Compiling and Running a C Program

In this lab, we will be using the command line program gcc to compile programs in C. Use the following command to compile the code for Part 1

gcc ex1.c test_ex1.c

This compiles ex1.c and test_ex1.c into an executable file named a.out. If you've taken CS61B or have experience with Java, you can kinda think of gcc as the C equivalent of javac. This file can be run with the following command:

./a.out

The executable file is a.out, so what is the ./ for? Answer: when you want to execute an executable, you need to prepend the path to the name of the executable. The dot refers to the "current directory." Double dots (..) would refer to the directory one level up.

gcc has various command line options which you are encouraged to explore. In this lab, however, we will only be using -o, which is used to specify the name of the executable file that gcc creates. By default, the name of the executable generated by gcc is a.out. You can use the following commands to compile ex1.c into a program named ex1, and then run it.

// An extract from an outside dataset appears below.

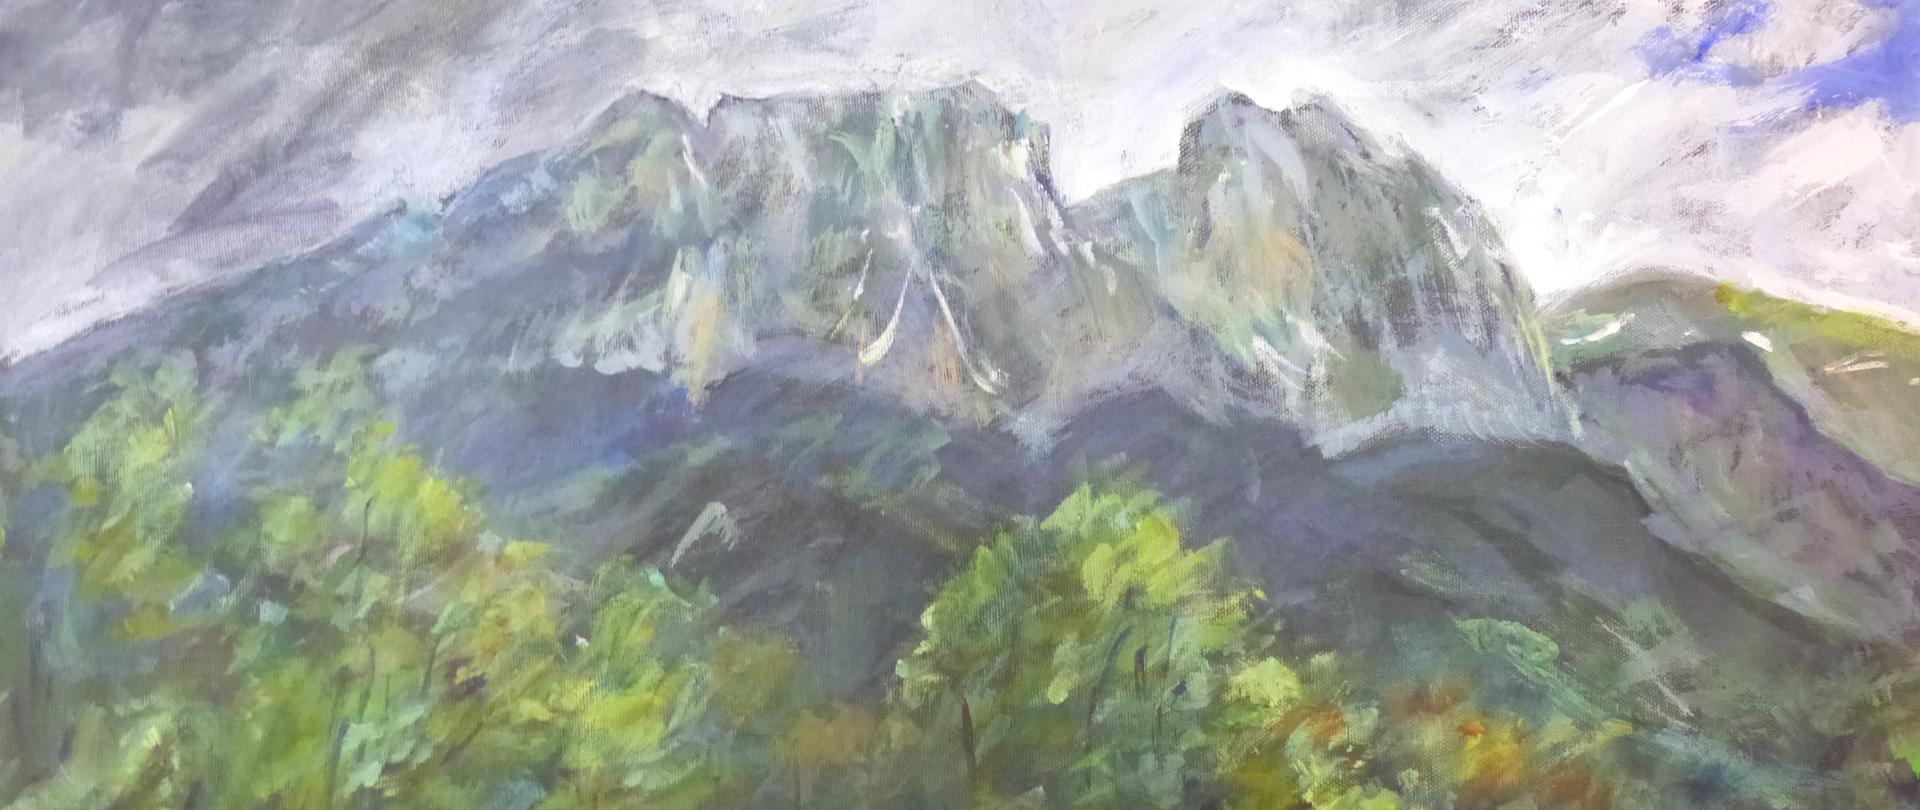 Na zdjęciu przedstawiony jest obraz olejny namalowany przez słowackiego artystę malarza Stano Laydę. Na pierwszym planie obrazu zielona łąka, następnie namalowane są drzewa i krzewy. Na drugim planie przedstawione są zbocza gór z zieloną kosówką. Na trzecim planie namalowany jest szczyt Giewontu w błękitnych chmurach.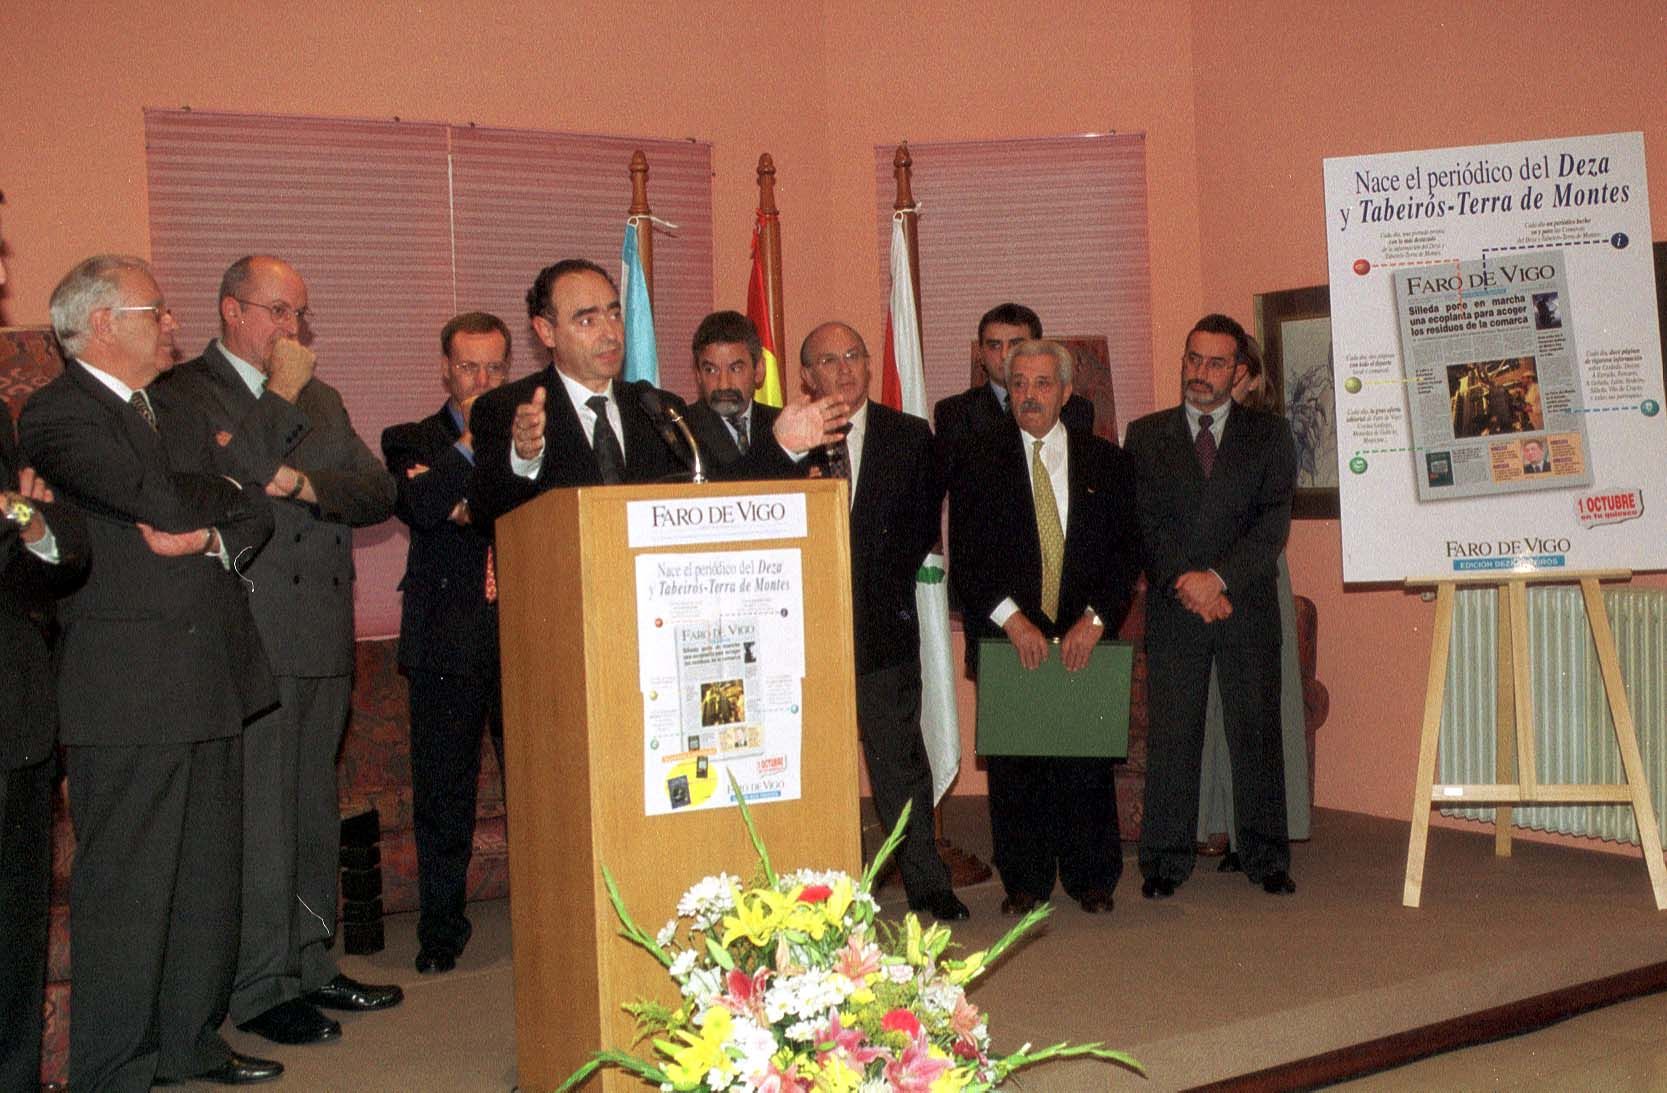 Ceferino de Blas y diversas autoridades durante la presentación de la edición de Faro de Vigo del Deza y Tabeirós - Terra de Montes Magar en 1999.jpg

This is helpful if you don't want all of your executable files to be named a.out.

gcc -o ex1 ex1.c test_ex1.c
./ex1

Part 1

  1. Implement the function num_occurrences in exercise1/ex1.c. The directions for completing the function can be found in the comments above the function. test_ex1.c will be used to test your code.

    What is assert? The Linux man pages serve as a manual for various standard library and operating system features. You can access the man pages through your terminal.

    Type the following line into your terminal to learn about assert

    man assert
    

    To exit the man pages, press q.

    Also see: FAQ: What is a macro?

    FAQ: What is a null terminator?

  2. Think of a scenario that is not tested by the current test cases. Create one additional test case to test this scenario.

Part 2

  1. Implement the function compute_nucleotide_occurrences in ex1.c. Look at ex1.h to see relevant struct definitions.
    Hint You may be able to reuse `num_occurrences`
  2. Think of a scenario that is not tested by the current test cases. Create one additional test case to test this scenario.

Exercise 2

Learning Goals

  • Get familiar with basic GDB commands

Part 1: Compiler Warnings

  1. Read over the code in exercise2/pwd_checker.c.

  2. Learn about compiler warnings and the importance of resolving them. This section will resolve bug(s) along the way. Make sure to fix the bug(s) before moving on to the next section.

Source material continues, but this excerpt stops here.